Today’s post is guest-written by my wife, Debra Mischel.
My health had been going downhill for several years. With a high stress office job that kept me chained to a desk most of the day and no motivation to get up and move, I was packing on weight. The doctor put me on high blood pressure medication in 2009, and by 2012 I was feeling old, fat, and awful.
There is a history of heart disease and type 2 diabetes in my family, both conditions that are primarily triggered by obesity, and I was heading right down that path. At 5’3″ and 160 pounds, I wasn’t “obese” according to the Body Mass Index, but was close. I didn’t look very good, and I felt terrible.
Like many people, I had had a gym membership for several years, but good intentions don’t take you very far. It seems one has to actually go to the gym in order for the membership to do any good. But doing something requires motivation, and the heavier I got the less motivated I became.
I turned 49 on February 22, 2012, and I knew that I didn’t want to feel this bad when my 50th birthday rolled around. I also knew that I couldn’t make the transformation on my own, so I went to the gym and asked for some help. They set me up with a personal trainer, and we got to work. They gave me diet recommendations that I followed (nothing terrible, mostly just portion control and avoiding the really high-fat, high-sugar foods), and a training schedule.
My training schedule consisted of one hour weight training with a trainer three days per week, and an hour or two of cardio (treadmill, stationary bike, stair climber, or classes) twice per week. On weight training days, I would do a 30 minute warmup on the treadmill.
By July of 2012, I had lost more than 30 pounds and was off the blood pressure medication.
I had met my original goal of getting my weight down to 125 pounds and I felt better than I had in years. But by now I was hooked. I still had some excess fat, and I wanted to build some more muscle. So I kept working with my trainer, stayed with the diet, and kept up the schedule. On my 50th birthday, almost exactly a year after I started my exercise program, I did a five hour weight training workout. I weighed 115 pounds, was stronger than I’d ever been, and felt better than at any time since I was in high school.
At that point I decided to enter the Figure competition at the Naturally Fit show in July. In order to compete, I would have to lose all my excess fat, and build a bit more muscle. I stepped up my workouts so that I was working out twice per day four days per week, heavier on the weight training and a little light on the cardio. The other three days were rest days to let my body recover. I also went on a 20-week “contest prep” diet that consisted of approximately 50% protein, 30% carbs, and 20% fat.

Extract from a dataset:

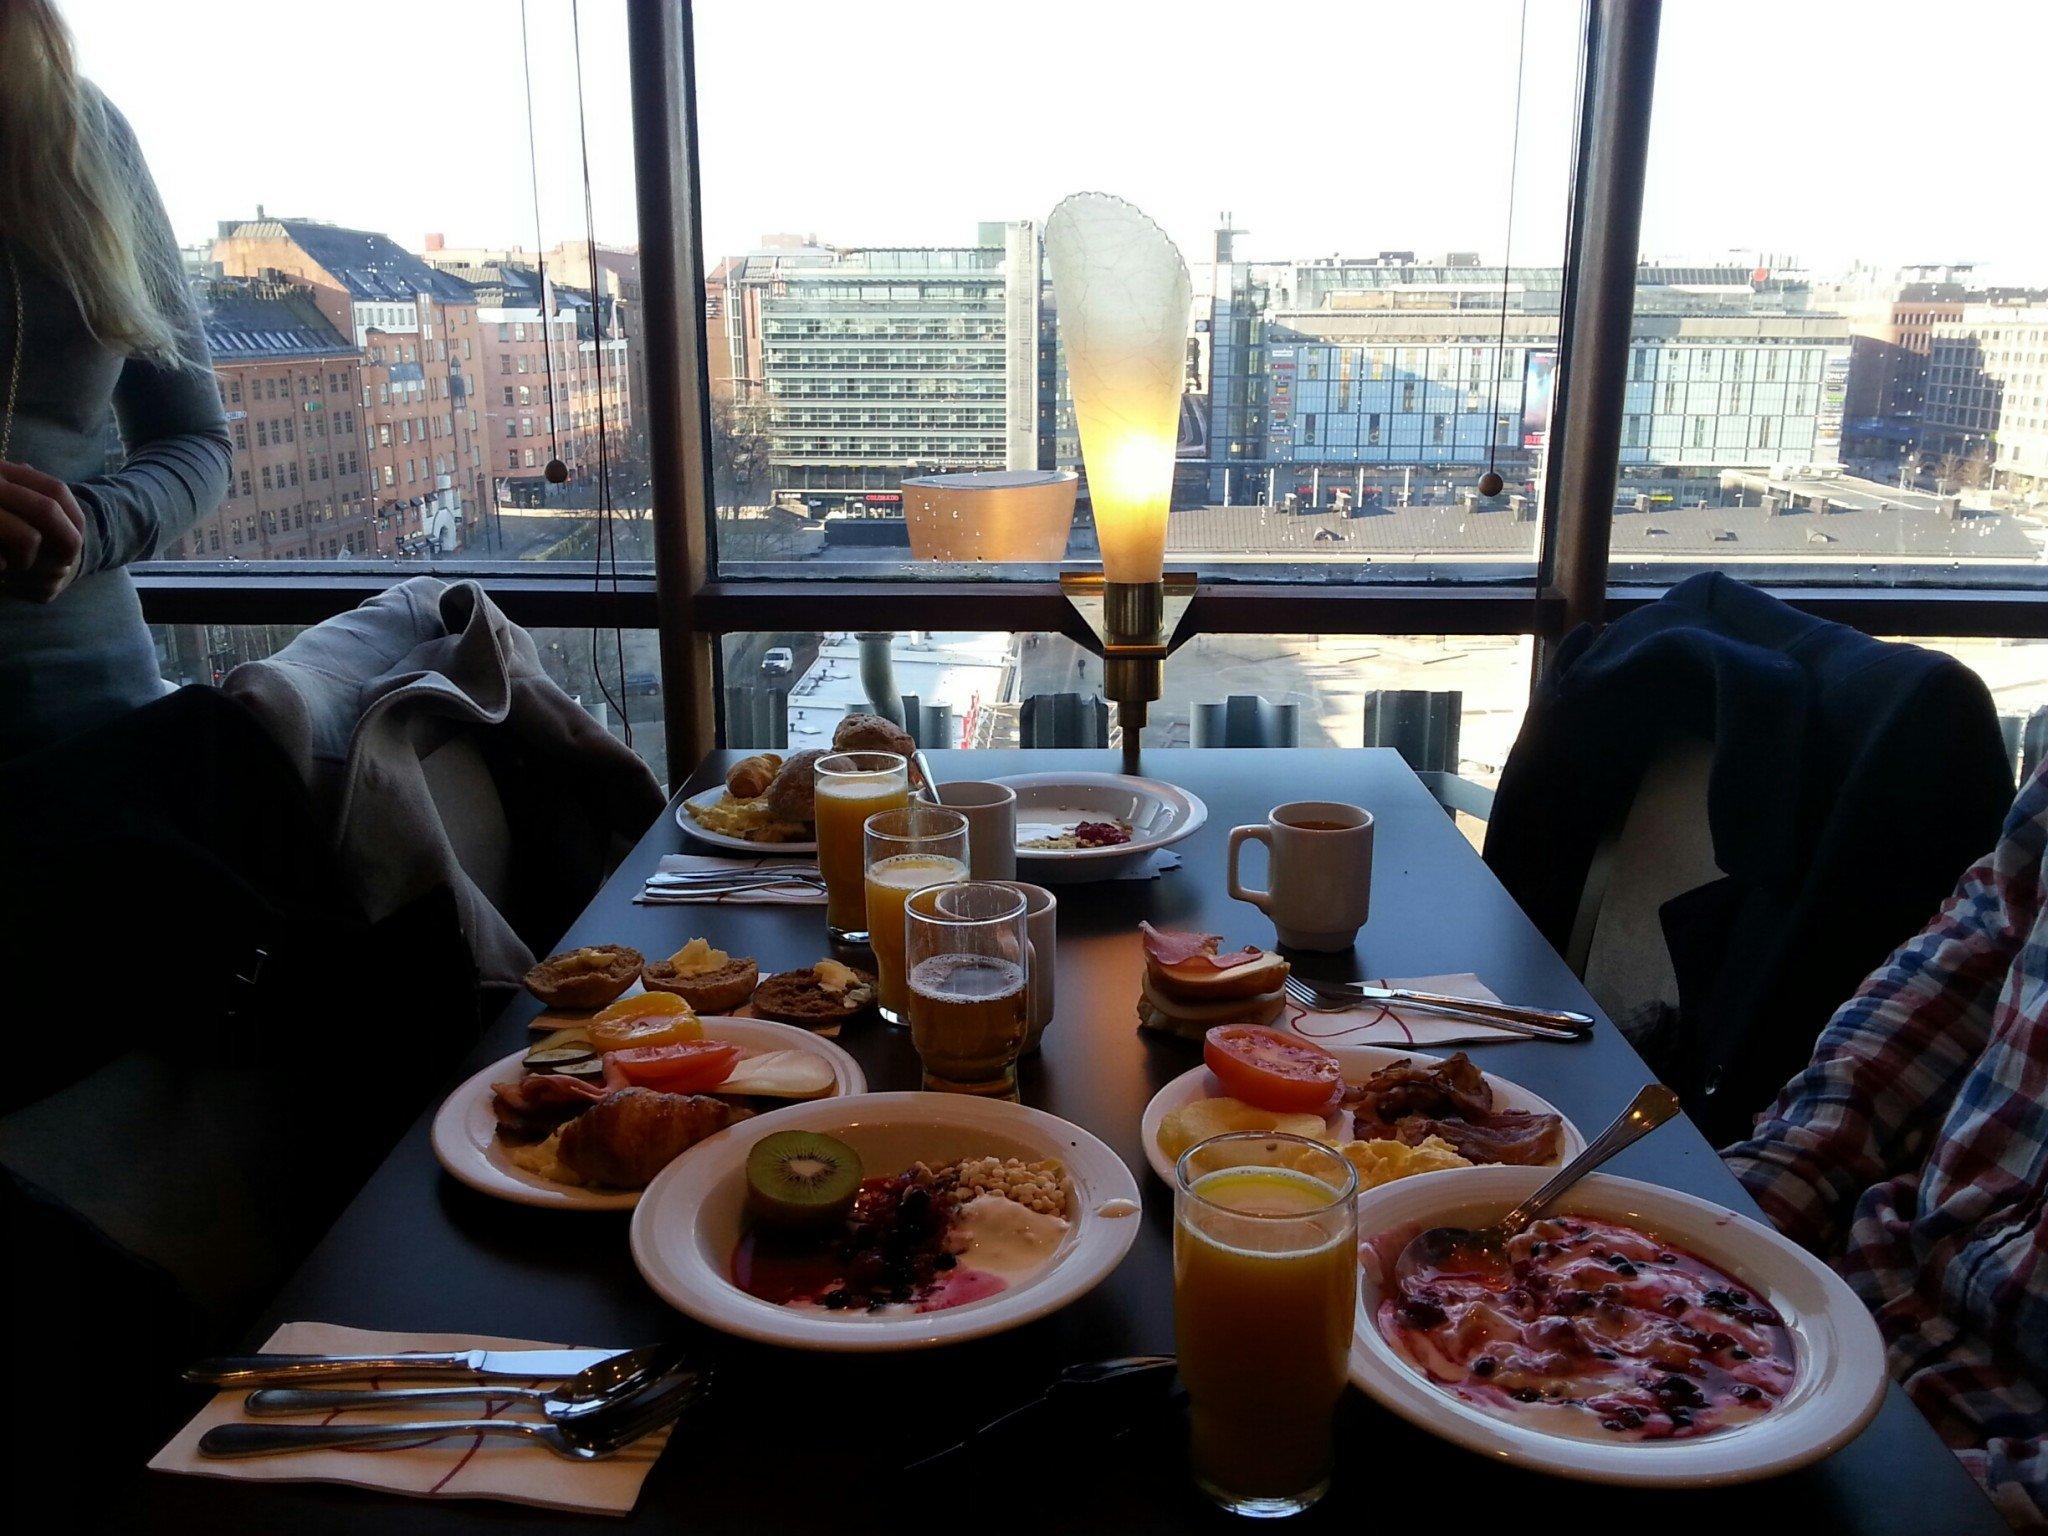 Hotelli Torni Helsinki Aamiainen Talo Kaunis Rakennuksen

Getting up on that stage in front of hundreds of people, wearing the smallest and most expensive bikini I had ever owned was scary. But I did it. I placed third in the Novice category against six other women, all younger than I, and first in the Masters 50 and Over category.

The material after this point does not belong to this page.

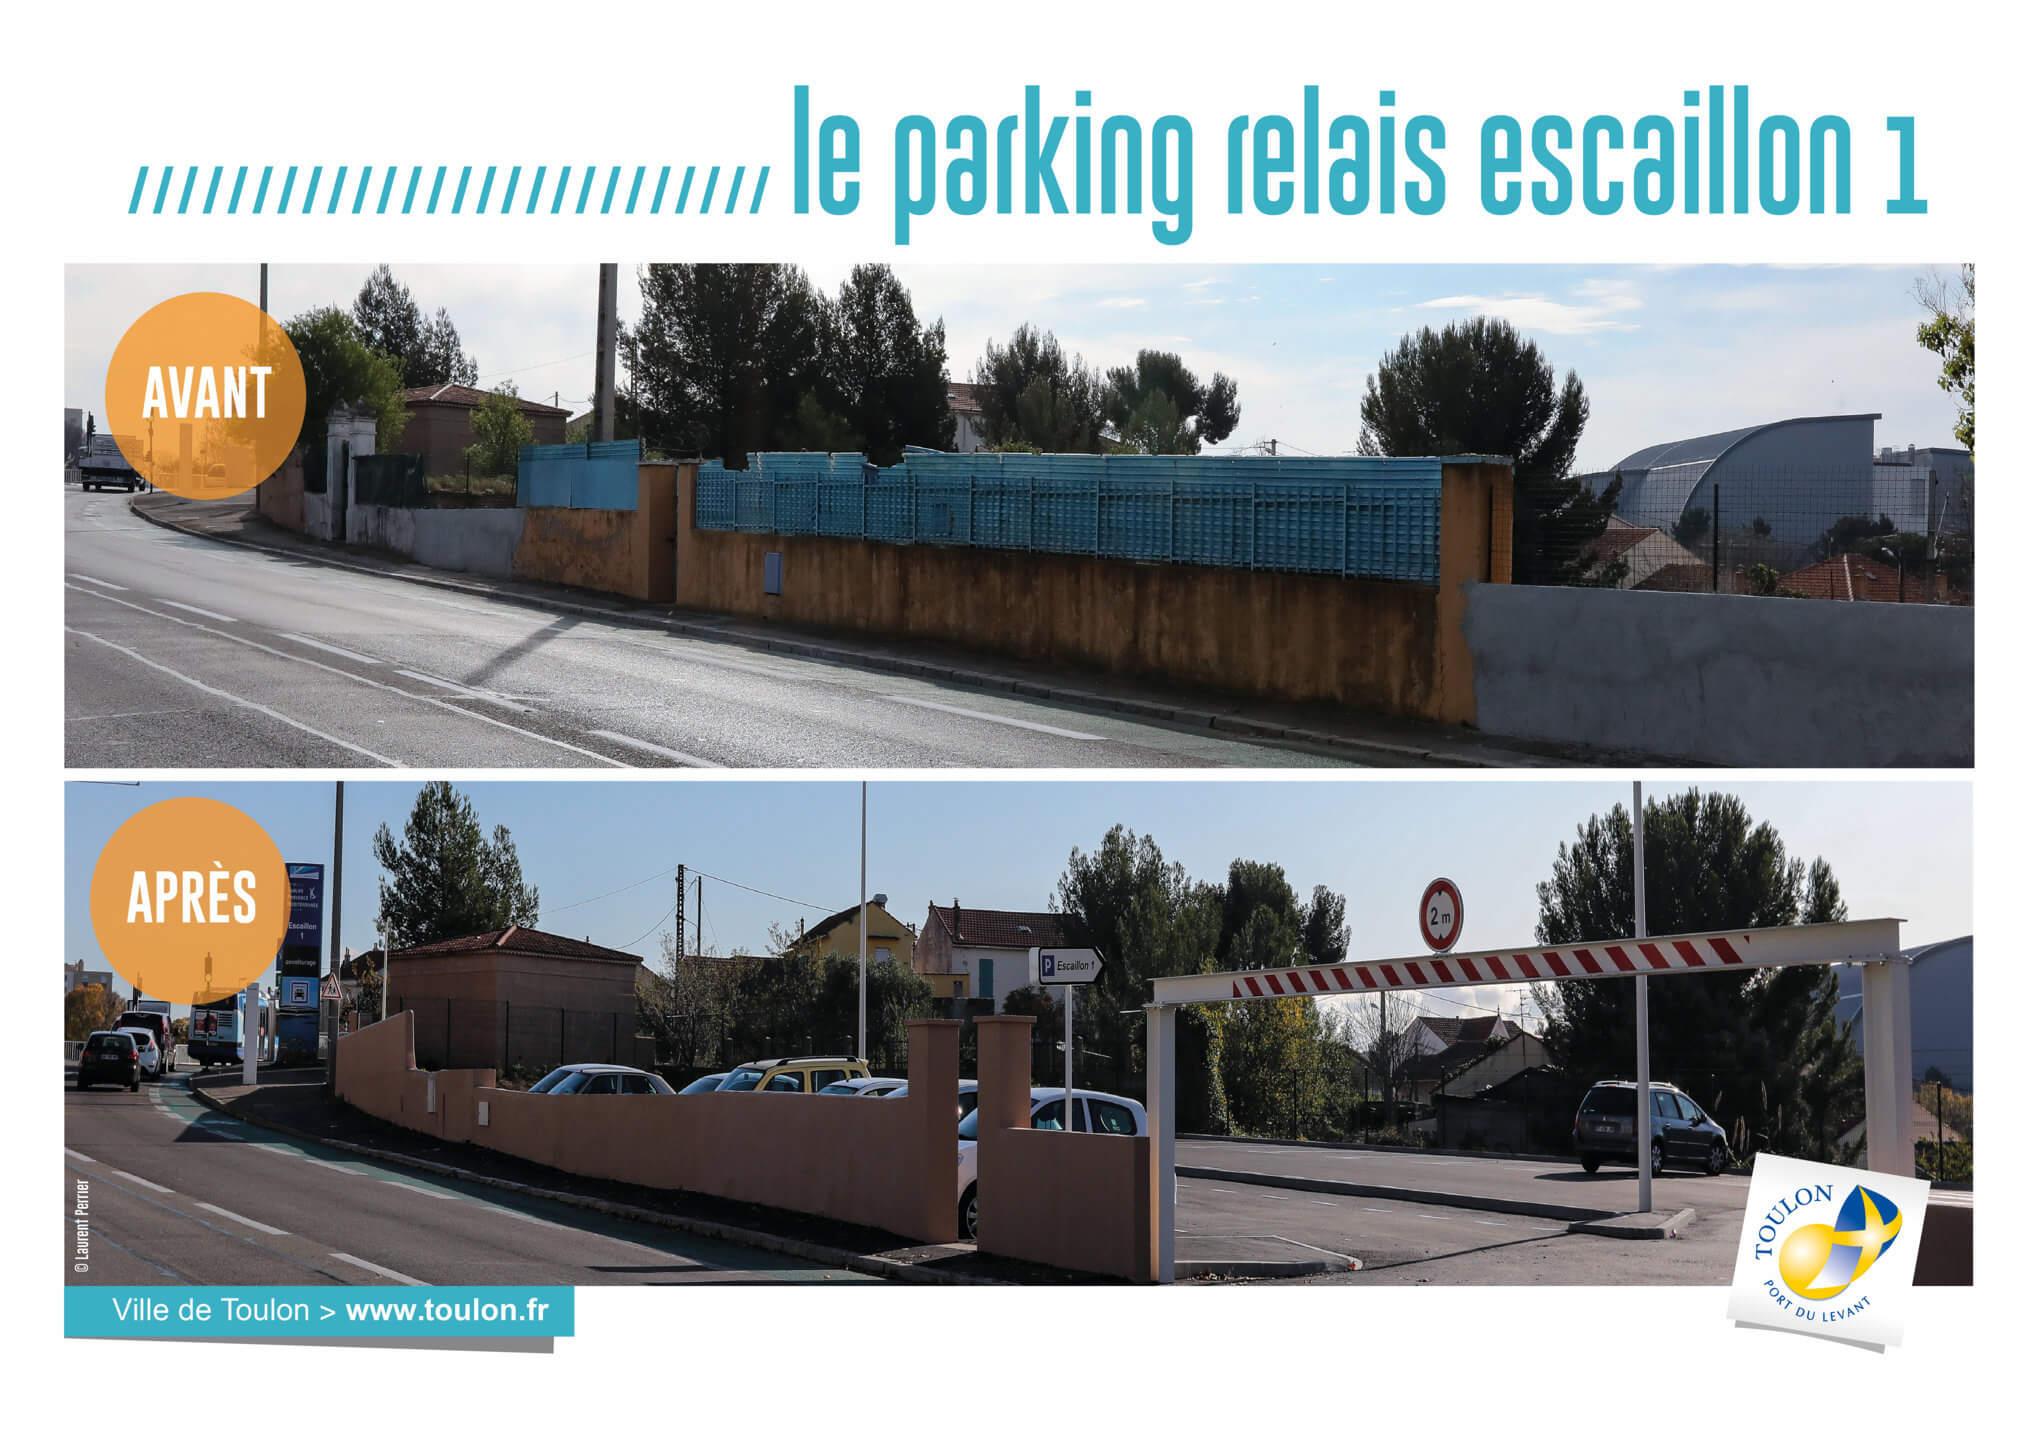 Le parking relais escaillon

It’s about taking control of your life and responsibility for your own health. I spent years making all the excuses: no time, too expensive, too old, too busy, body hurts, too fat. This transformation cost me, on average, about an hour per day for a year, and then about two hours per day for five months. It cost me some TV time during the week and a few hours of couch potato time on the weekends during contest prep to get my meals ready for the next week. I didn’t even miss it!
You can change your life. It takes hard work, sure. But the benefits are well worth the effort.